* _WHAT NEEDS TO BE DONE_
Could you write out the records below exactly as they appear, leaving out any pictures?
▼
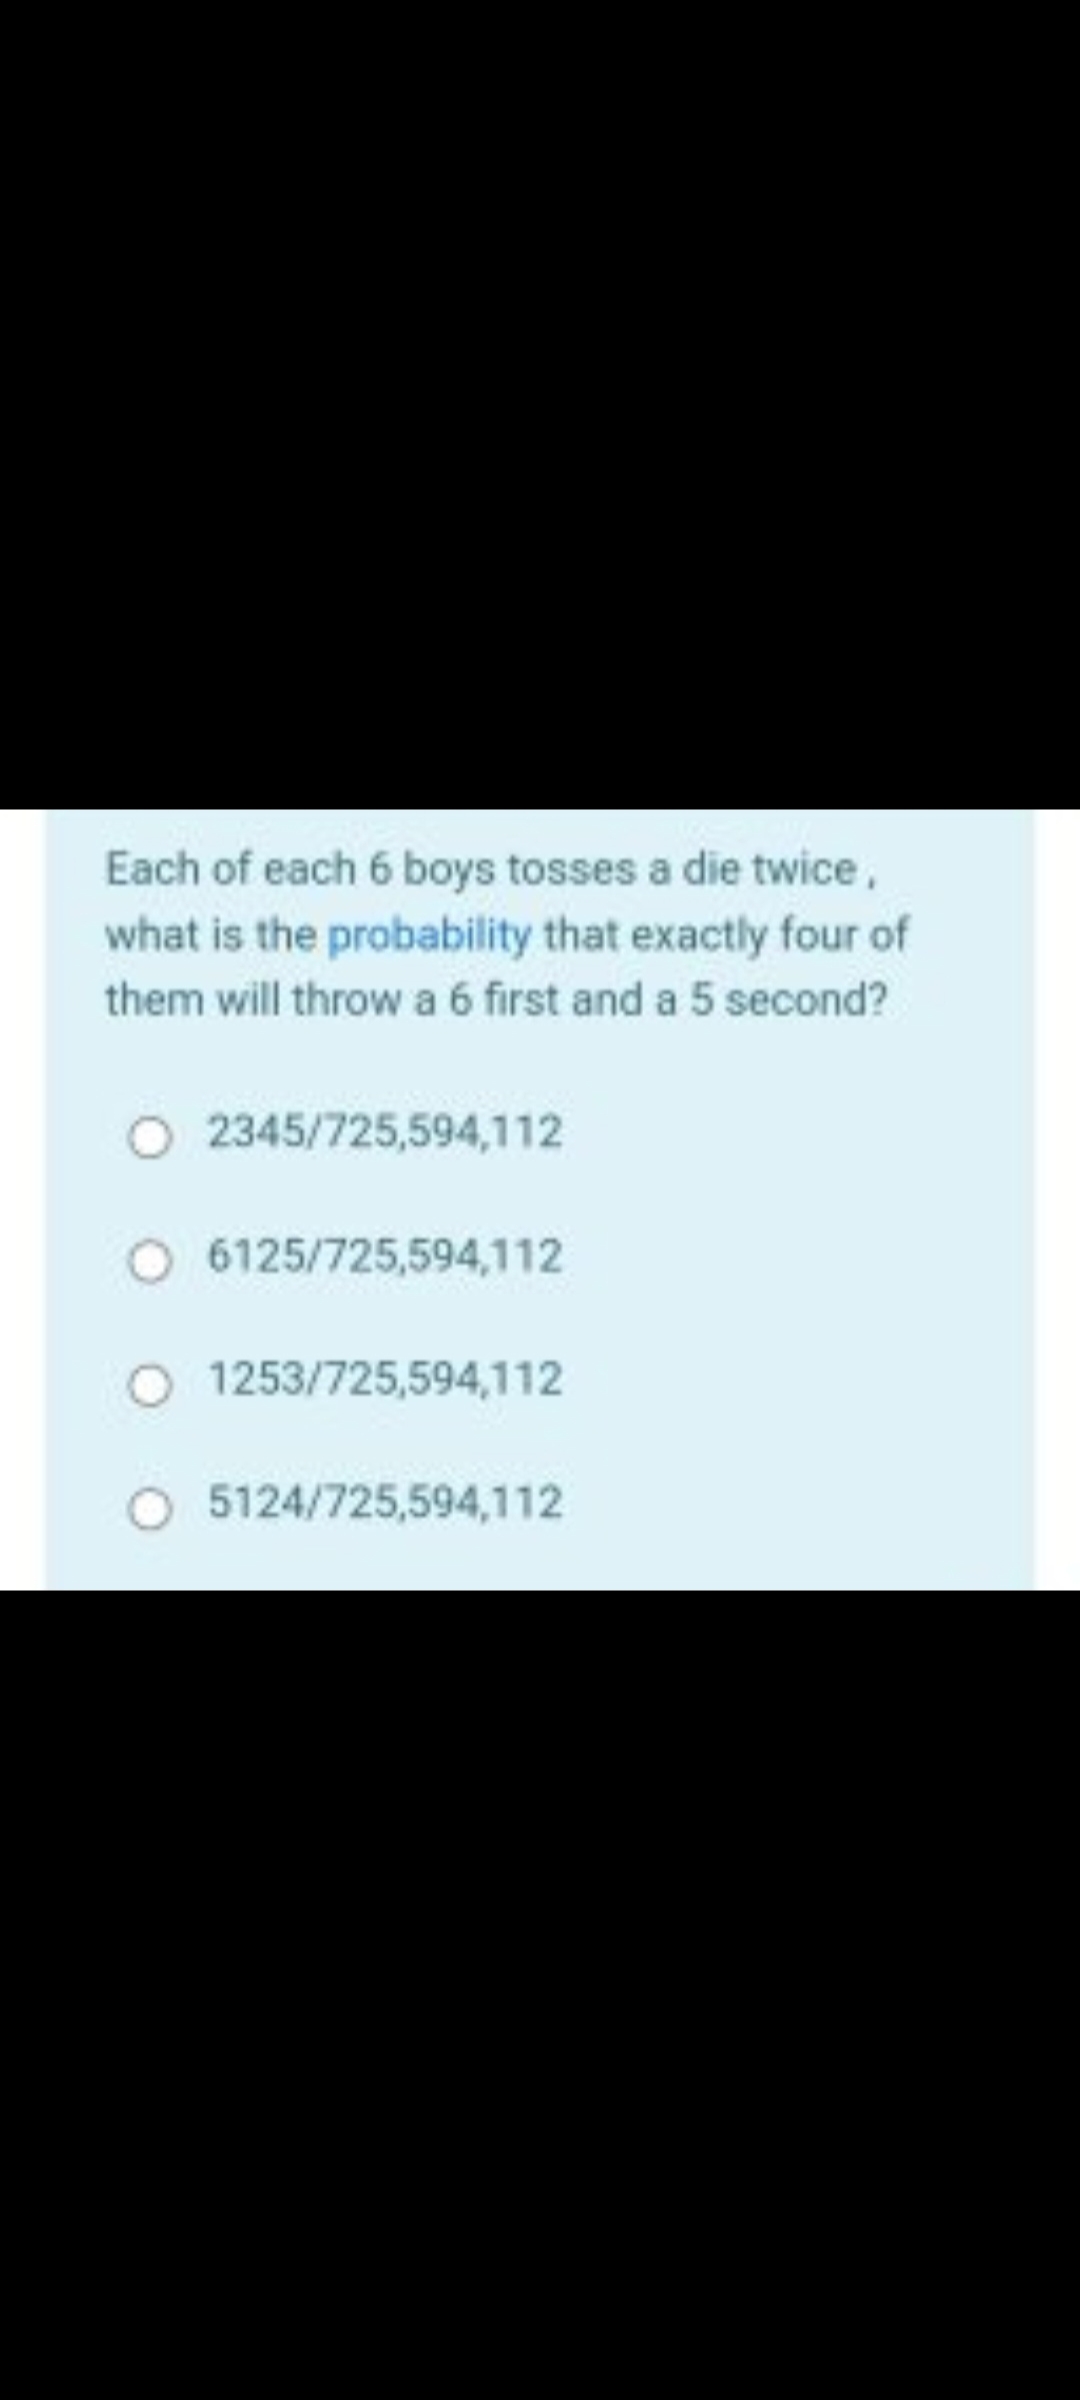 Each of each 6 boys tosses a die twice,
what is the probability that exactly four of
them will throw a 6 first and a 5 second?
O
2345/725,594,112
O 6125/725,594,112
1253/725,594,112
O 5124/725,594,112
▲
* _REPLY TO THE TASK_
 Each of each 6 boys tosses a die twice,
what is the probability that exactly four of
them will throw a 6 first and a 5 second?
O
2345/725,594,112
O 6125/725,594,112
1253/725,594,112
O 5124/725,594,112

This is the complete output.